[hist-analytic] Positivism in 21th.-Century Analytic Philosophy
Roger Bishop Jones
rbj at rbjones.com
Thu Feb 4 12:32:14 EST 2010
On Tuesday 02 Feb 2010 22:21, Jlsperanza at aol.com wrote:
> I love the IDEA of a unified science if that's just what it was supposed to
> mean: One Big Science.
I have to admit, having glanced back at my extremely concise notes,
that it it all bound up with reductionism in a sense (the language of unified
science was supposed to be physicalistic, i,e, materialistic)
very close to the one which Grice abhors.
> It may have to do also with one of the 'betes
> noires' Grice encounters. In your pdf you mention "Gladiators", but let's
> not forget "Naturalism". It seems that
>
> naturalism
>
> and perhaps
>
> Materialism
>
> -- Betes noires are for Grice, reductive schemes ending in -ism --
> Reductionism being the blackest of them all.
We talked about this last year on hist-analytic I see.
http://www.rbjones.com/pipermail/hist-analytic_rbjones.com/2009q1/000078.html
The precise abhorrence you quote Grice as relating there is to:
the idea that semantic
concepts are unsatisfactory or even
unintelligible,
*unless* they can be provided with
interpretations in terms of some predetermined,
privileged, and favored array of concepts;
This is something which Grice _thinks_ he has not done.
Its not clear whether he thinks it illegitimate, undoable, or just
uninteresting.
In our present conversation we need also to consider whether this kind of
reductive analysis is something which Carnap accepted/did/found interesting.
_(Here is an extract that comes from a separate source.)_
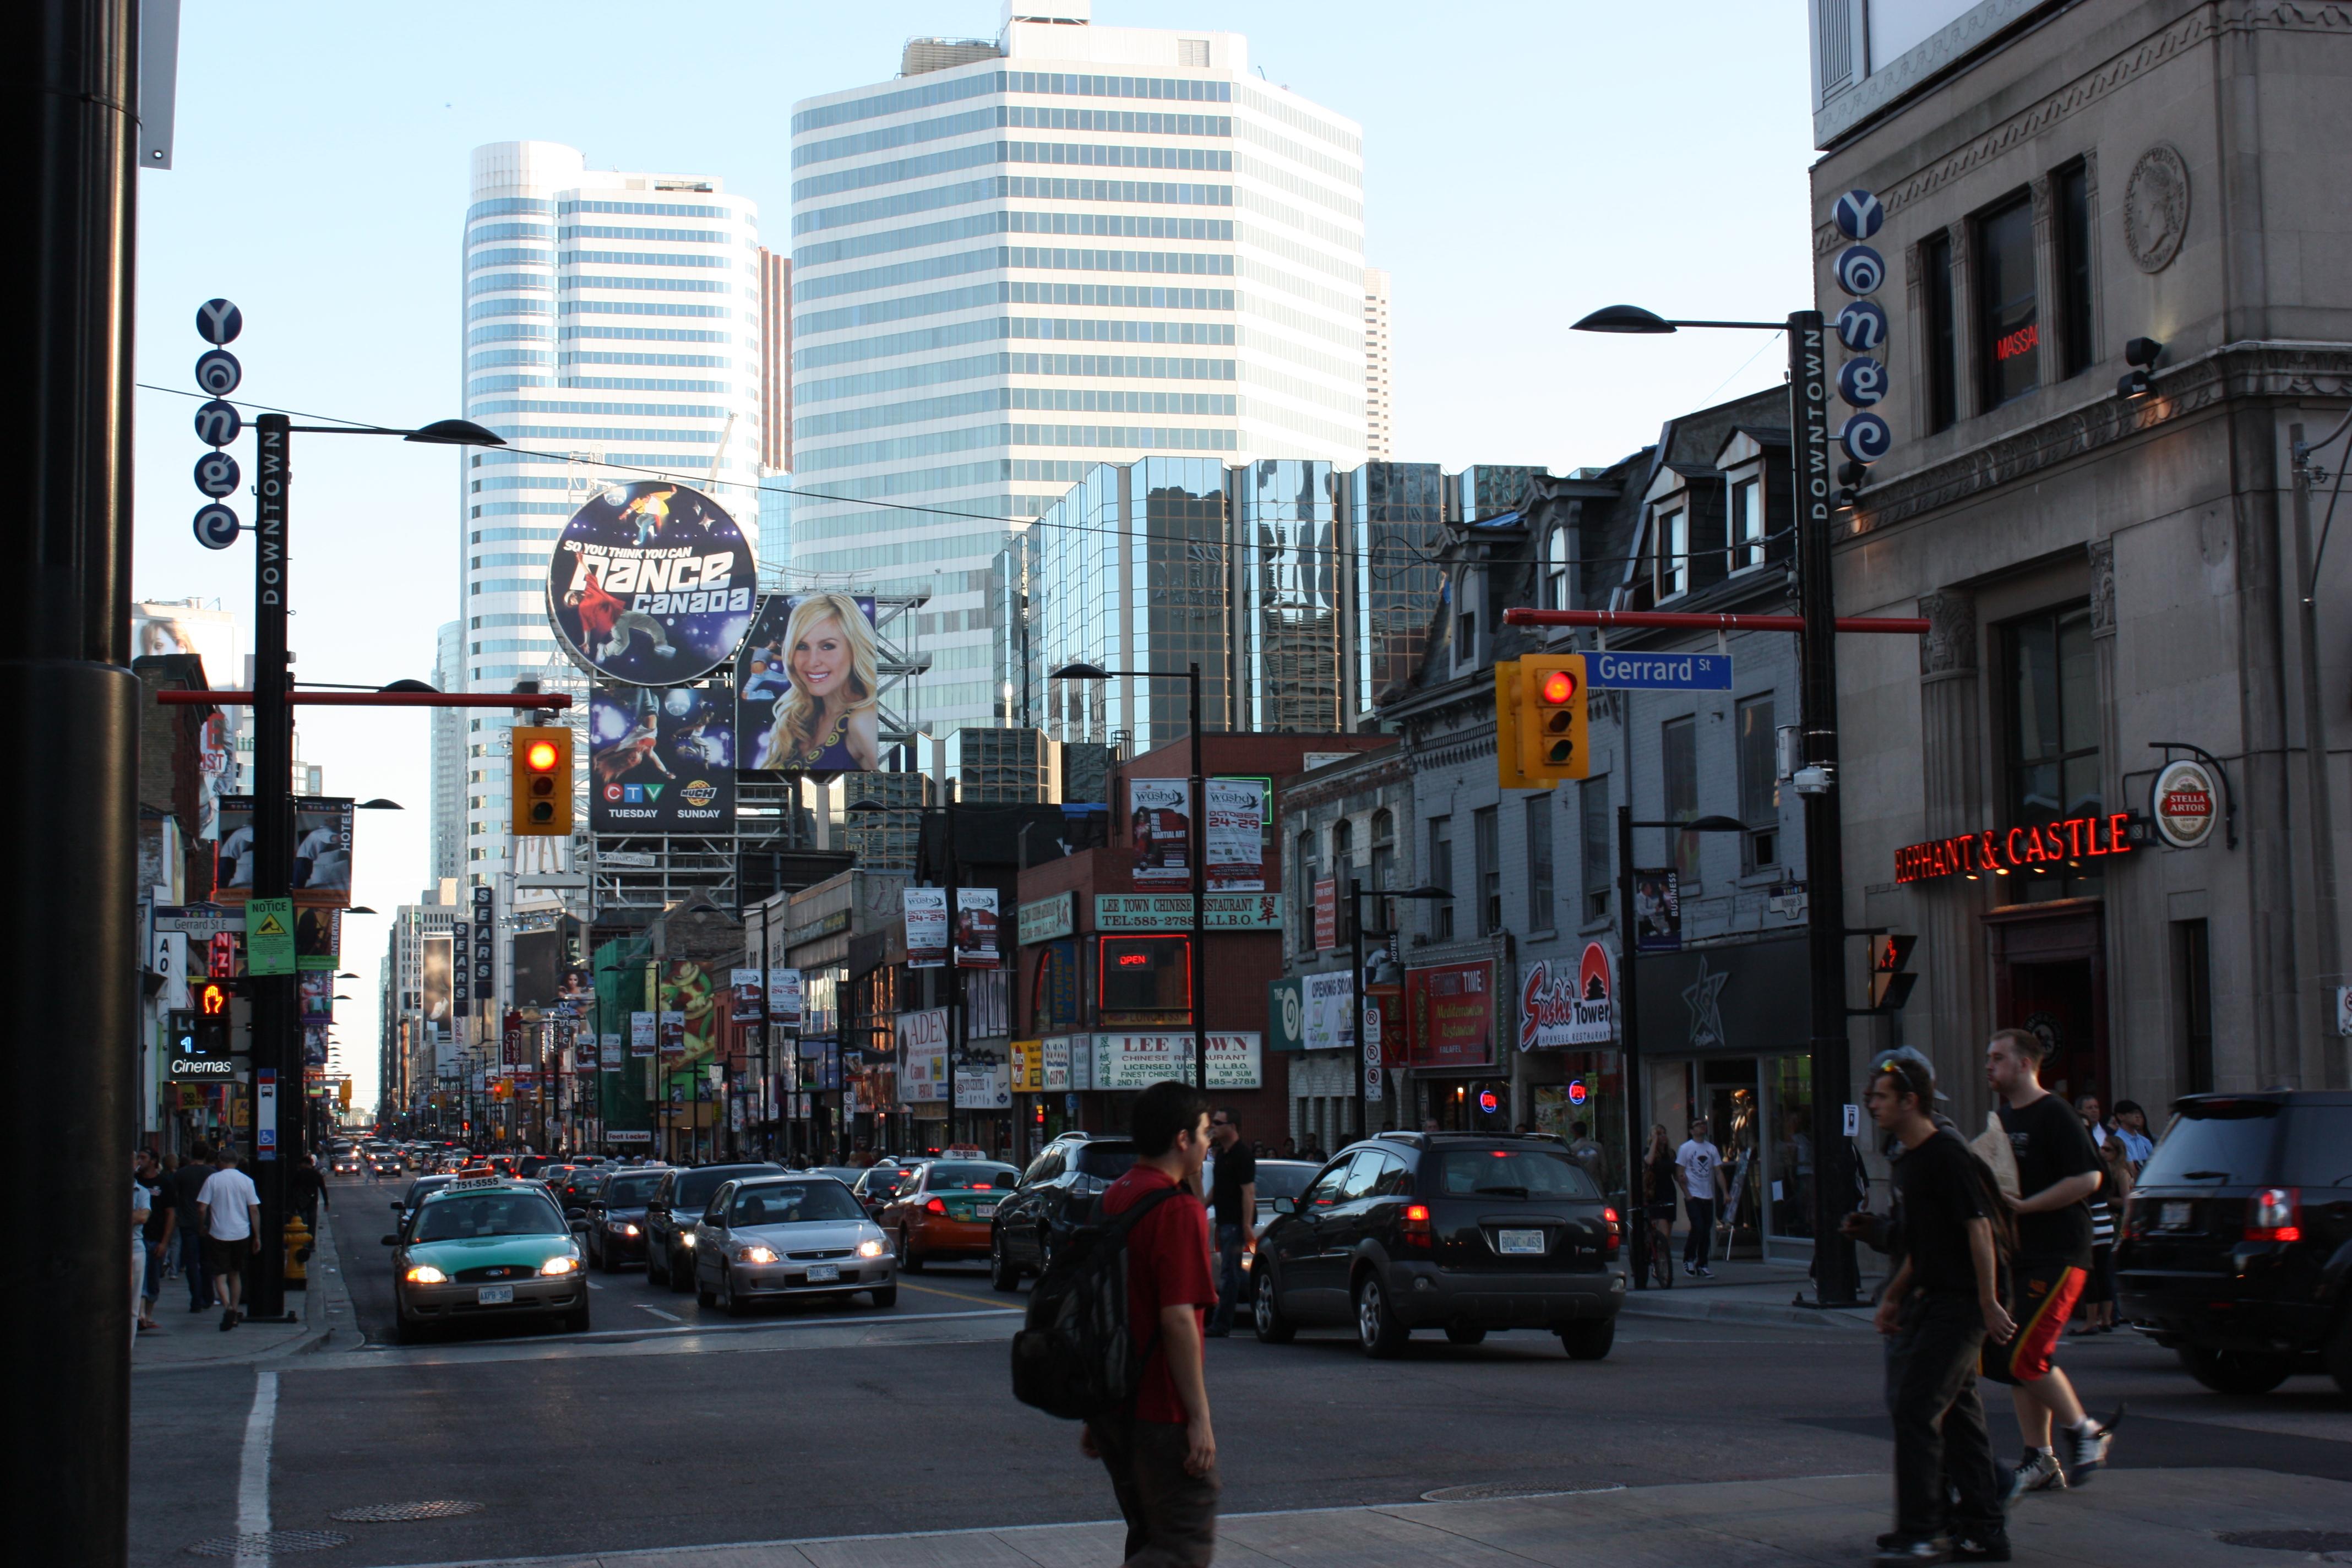 rencontre craigslist Toronto i datant de mon ex à nouveau

This seems to me uncertain.
Do you get out of Grice's crosshairs if you are a pluralistic reductionist,
i.e. at any moment you are reducing to a single kind of thing, but then at the
next moment you will by trying it out on another single kind of thing?
I may be worth considering in this Grice's interest in the causal theory of
perception, for it seems to me that is a move conciliatory to logical
positivism.
Austin's attack in Sense and Sensibila is aimed primarily at the logical
positivists, and it fits my gladiatorial category because Austin doesn't care
what Ayer means by "directly perceive" he will refute him by reference to what
it actually means, in "ordinary" language, ignoring what philosophers mean by
it and what a scientist might easily have meant by it.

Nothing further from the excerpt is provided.